On fishing, which the Secretary of State mentioned, we have consistently argued for being taken out of the common fisheries policy. For years, Conservatives have consistently voted against that proposal in this place: they voted against the Fisheries Jurisdiction Bill, and against our proposed amendments to previous treaties. Now that we are being taken out of the EU, however, with the impact that will have on the markets to which we need access, all of a sudden they are all in favour of a hard Brexit.
If the backstop is enacted, tariffs will be applied to Scottish fishing exports, but Northern Ireland will be protected by tariff-free access to both the EU and the UK. The Scottish Secretary said that he would resign if special provisions were given to Northern Ireland. Does my hon. Friend share my concern that the Scottish Secretary is not only still in the job, but urging his colleagues to back a deal that disadvantages Scotland?
My hon. Friend is right. It is truly remarkable that the Secretary of State for Scotland is still in a job. He is pursuing a policy that he knows will not only make us poorer, but put Scotland at a competitive disadvantage. I say to our friends from Northern Ireland that we want them to thrive. This has nothing to do with the state of Northern Ireland; it is simply about having a level playing field across these islands. Having a level playing field means that under the agreement, we have access to the markets that Northern Ireland has access to, and it means having EU vessels—
If the hon. Gentleman can answer the point about why the Secretary of State for Scotland is still in post, or can say whether we will cede waters to EU vessels and place barriers on trade for customers, I would love to hear from him.
The hon. Gentleman has mentioned a number of sectors; it is only right to put on the record that NFU Scotland, the Scotch Whisky Association and every other trade body in Scotland is imploring this House to support the Prime Minister’s agreement with the European Union. That is what our constituents and the businesses that employ them expect of all Scottish MPs.
It is good to hear the hon. Gentleman’s point, which he makes well and honestly, but it is extraordinary, and a shame, that many of his colleagues—some of whom are in the Chamber—were not listening to him. If he cannot even win over his colleagues, what hope does he have of winning over everybody else? There is almost nobody on his entire half of the Government Benches—extraordinary stuff—but I have the greatest respect for the courage and indefatigability he demonstrates.

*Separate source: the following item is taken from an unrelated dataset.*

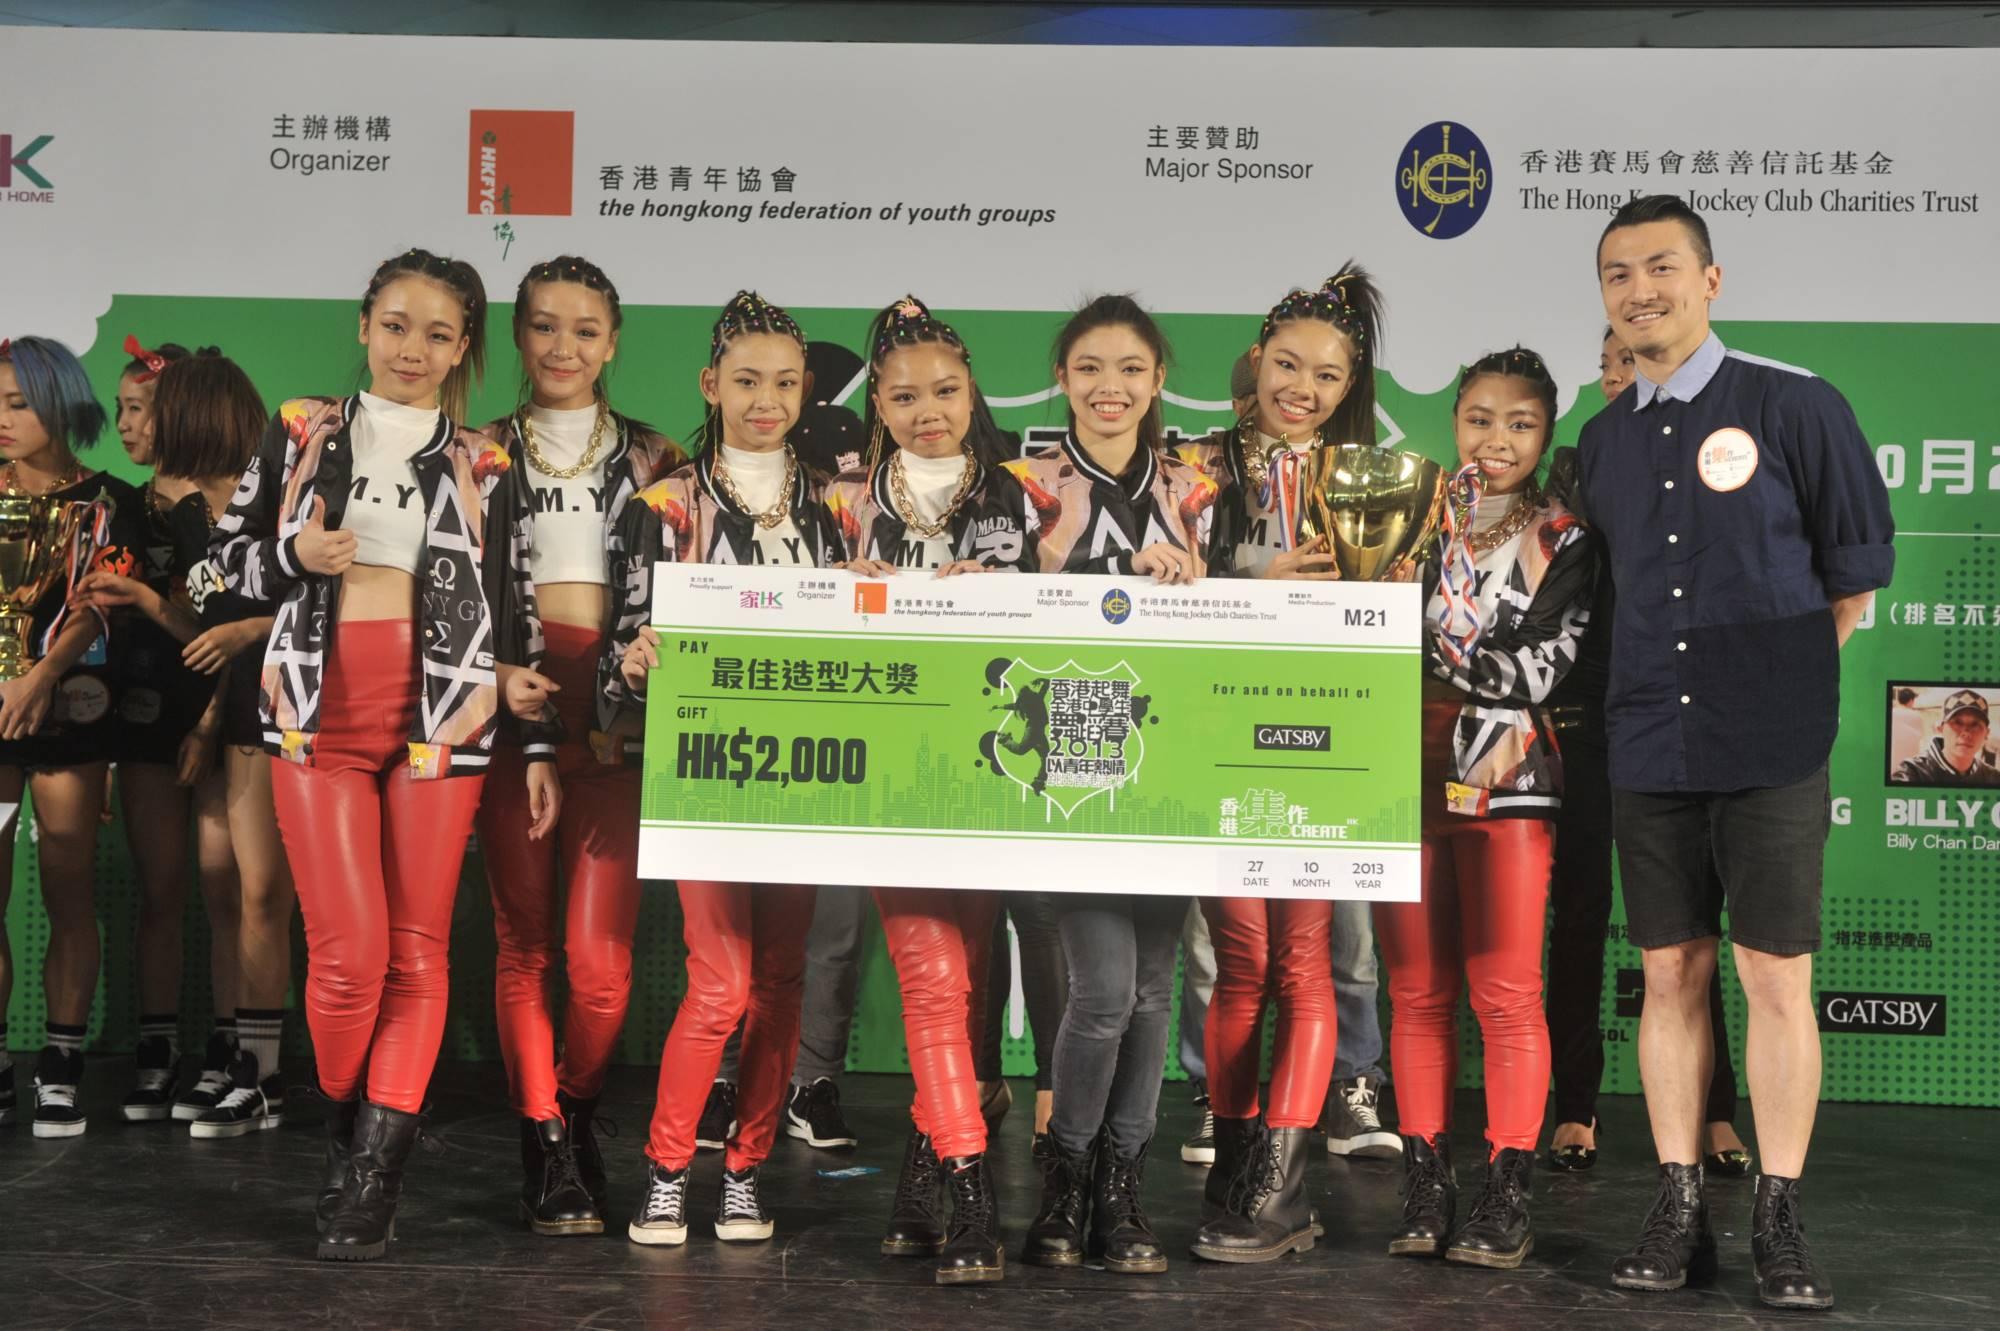 全港中學生舞蹈賽2013得獎隊伍 (2)

This Government’s disrespect agenda has turned the constitutional settlement of the United Kingdom upside down. The UK Government have imposed legislation on the Scottish Parliament and the Welsh Assembly against overwhelming opposition from across the parties—from not just the Labour party but the Scottish National party, the Liberal Democrats and Plaid Cymru. The Scottish Parliament rejected the deal by 92 votes to 29, leaving the Conservative party in utter isolation in Scotland, as it has been for decades.
As the Government turn the constitutional settlement upside down, without reference to this place and ignoring the Scotland Act 1998, let me paraphrase the great Winnie Ewing—Madame Ecosse—who said that it was claimed once upon a time that Britannia ruled the waves; now, Britannia simply waives the rules. We heard howls of protest in this place today when Parliament took back control, but Parliament did the Government a favour. The Government have wasted all this time, but now they will be forced to come back within three days, not because of something they did, but because Parliament reasserted itself, and you, Mr Speaker, did the right thing today in allowing the vote. That is incredibly important as we reach this crunch time. One cannot do this kind of thing in the European Union.
I have found utterly baffling and really quite depressing the lack of knowledge about the European institutions in this place. The EU is made up of independent and sovereign states, which reach agreement and compromise in what is truly a partnership of equals. There is democratic oversight from the European Parliament—Ministers here have attempted to stifle democratic oversight—and there is a Court, not to impose anything on anybody but to resolve disagreements, which will arise in any democracy with 28 independent and sovereign member states.
I am not entirely sure what future arbitration mechanism the Government propose. I see from their agreement that they propose a role for the European Court of Justice. I welcome that, but it is a bit too little, too late, and it has been met by a wall of opposition from their own Members, who do not seem to understand what the Government are arguing for.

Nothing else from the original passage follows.